I've tried using CSV library but the file is evidently too big - all requests (CSV_MatchCellColumn, CSV_ReadCell) return empty.
Since what i need to do is list files in local directory and search CSV for rows that contain their names, i'm now building multiple pseudo-arrays (one array is not enough because it limits me to 16384 characters for all file names, that's around 500 files for my use case) with file names and loop each of these arrays against the CSV contents, building smaller CSV that works fine with the library.
Code: Select all
Loop, read, posts.csv, posts_relevant.csv
{
if A_LoopReadLine contains %0RelevantList%
;0RelevantList is just a bunch of "," delimited file names.
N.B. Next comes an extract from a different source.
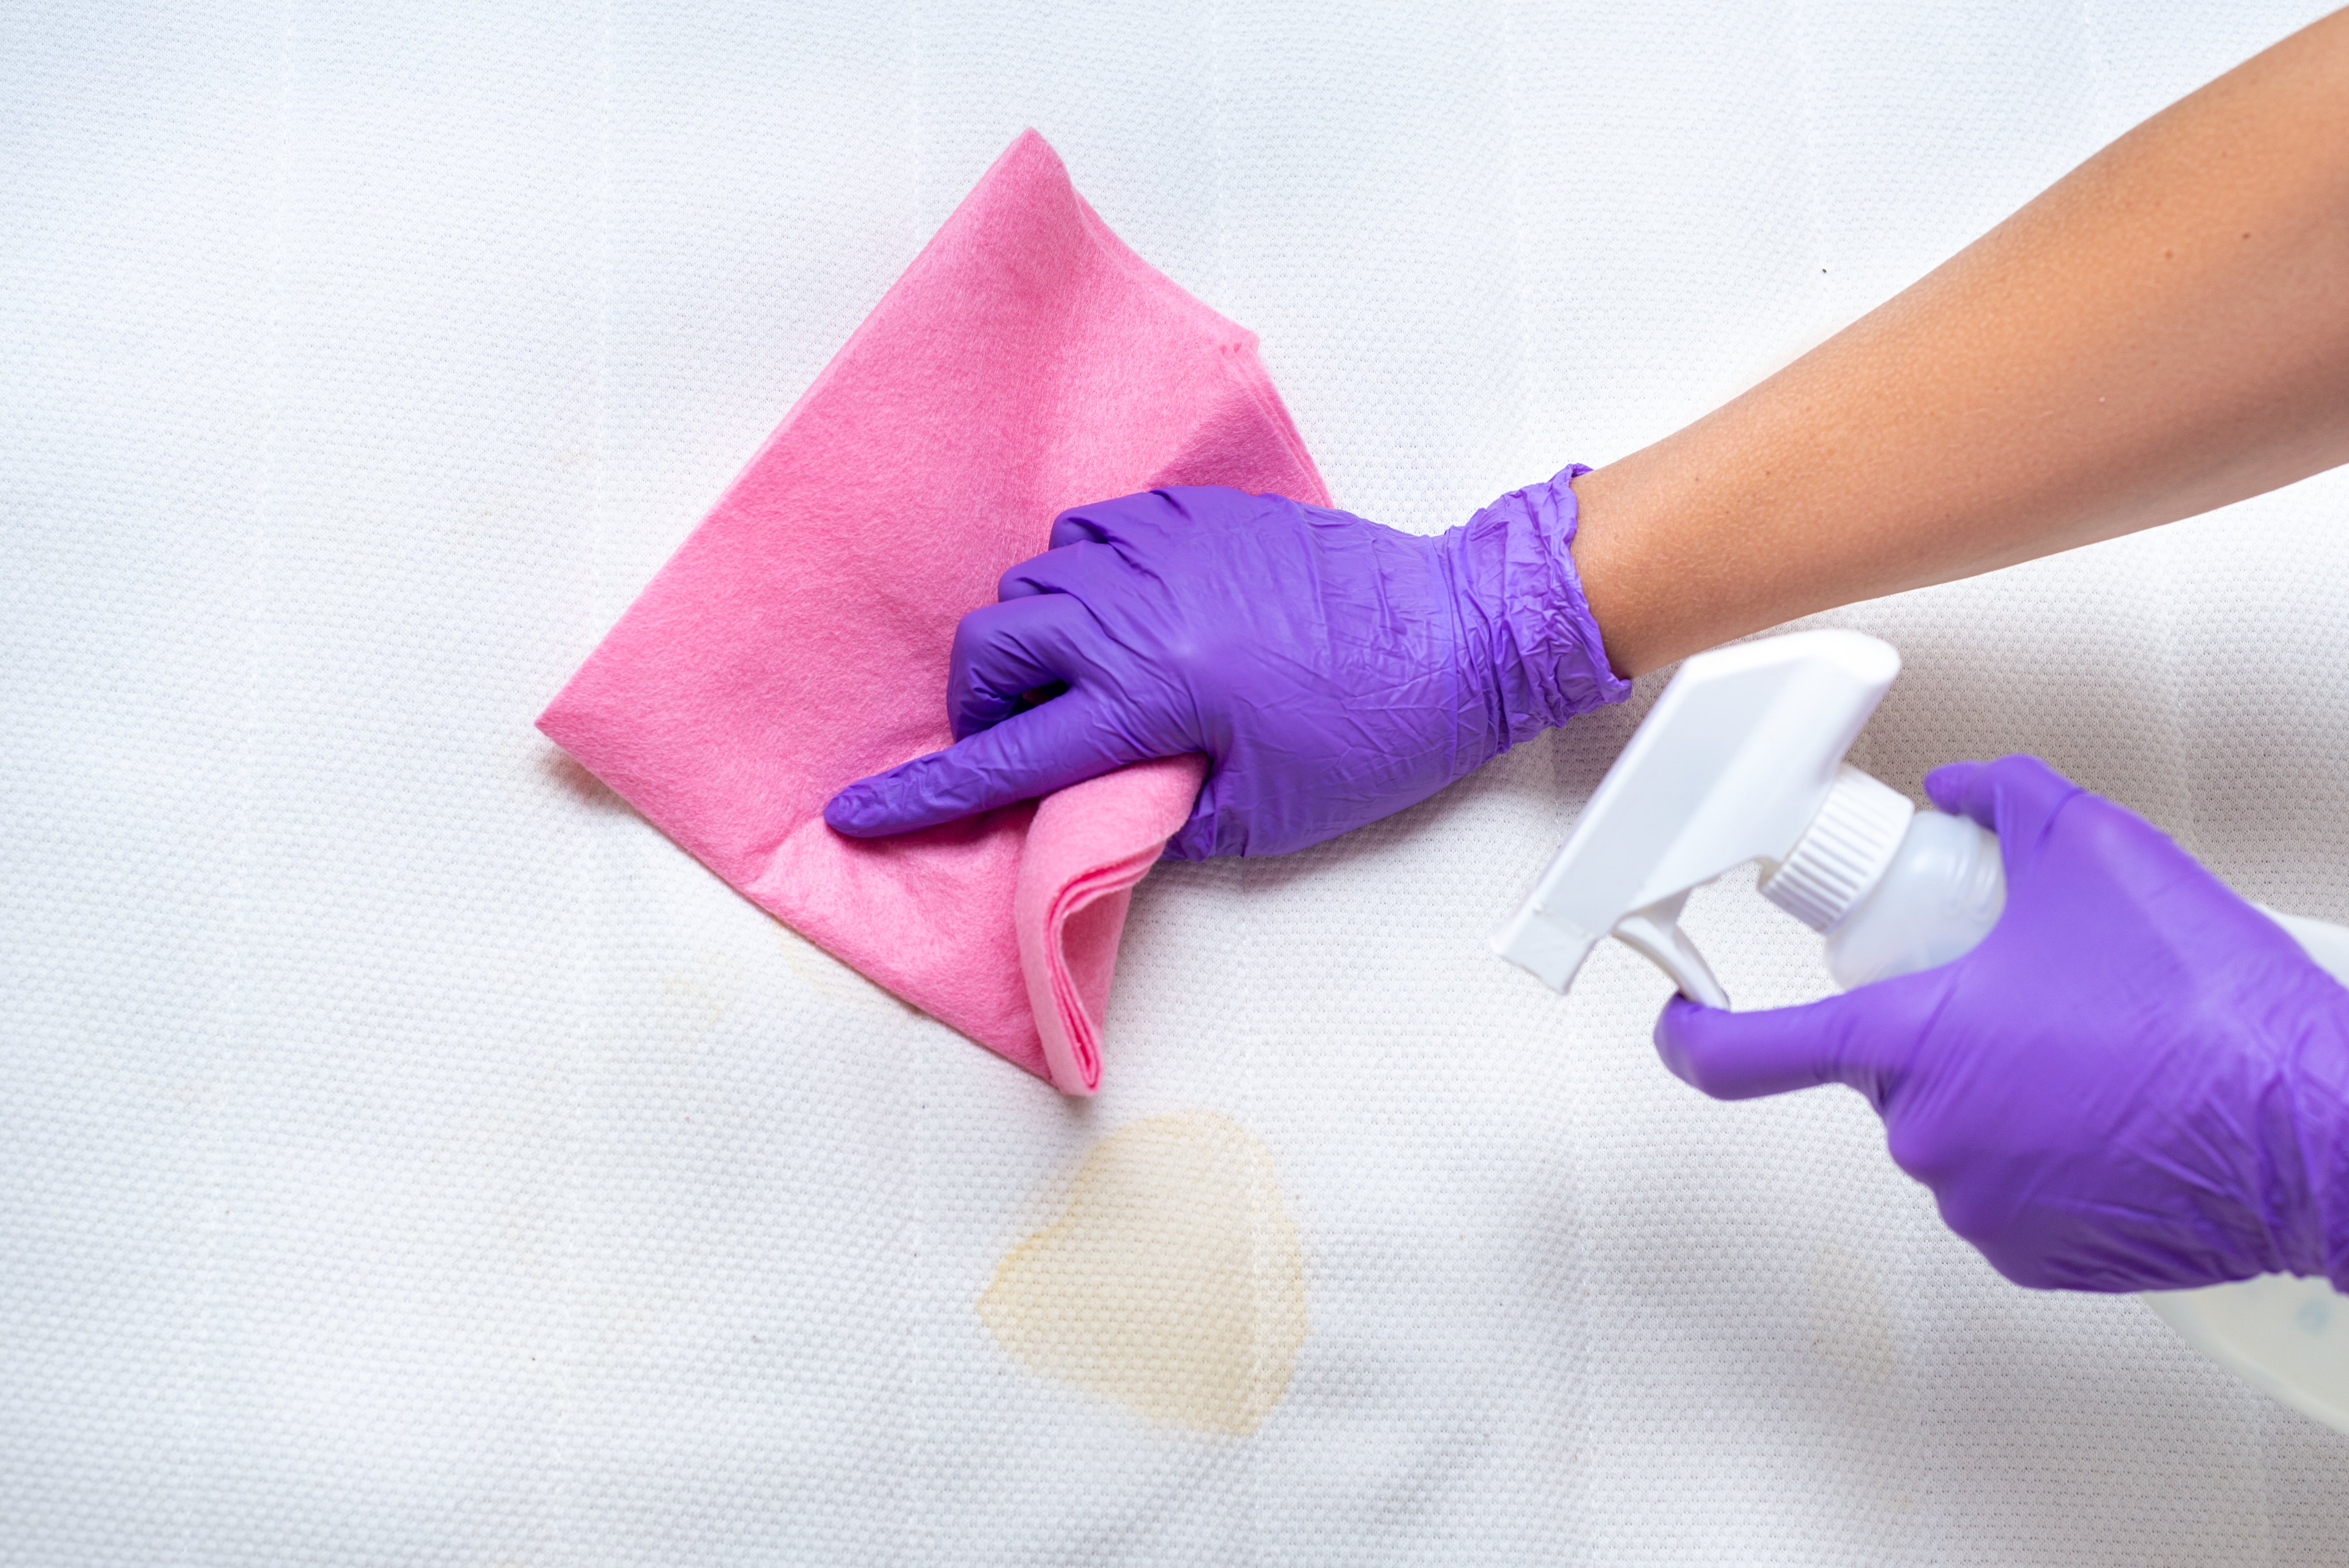 A latex gloved hand wipes a stain on a mattress with a microfibre cloth. The other latex gloved hand holds a spray bottle.

FileAppend, %A_LoopReadLine%`n
}
The problem is... Each loop takes around 10 minutes on a top-end hardware, reading the file from SSD. It's definitely bearable and since i'm using AHK which i understand decently, i can live with that.
I just wonder if there are any scripts or ideas that would allow me to get more speed, maybe utilize more RAM (i'm using ~4MB and one CPU core now) . E.g. loading the file into the RAM and reading from there, for example. Or maybe even using other software for each search...
One other idea i've had is to add all the pseudo-arrays %0RelevantList% at once, according to the doc page i can do that:
Code: Select all
if A_LoopReadLine contains %0RelevantList%1,%0RelevantList%2,%0RelevantList%3...
Code: Select all
Loop % FFileList.Length()
{
LoopReadLine=
0RelevantAdd=
LoopReadLine := FFileList[A_Index]
Length := StrLen(0RelevantList%NUM%)
if (Length > 16000)
{
NUM += 1
}
StringTrimRight, 0RelevantAdd, LoopReadLine, 4
0RelevantList%NUM% := 0RelevantList%NUM% 0RelevantAdd ","
}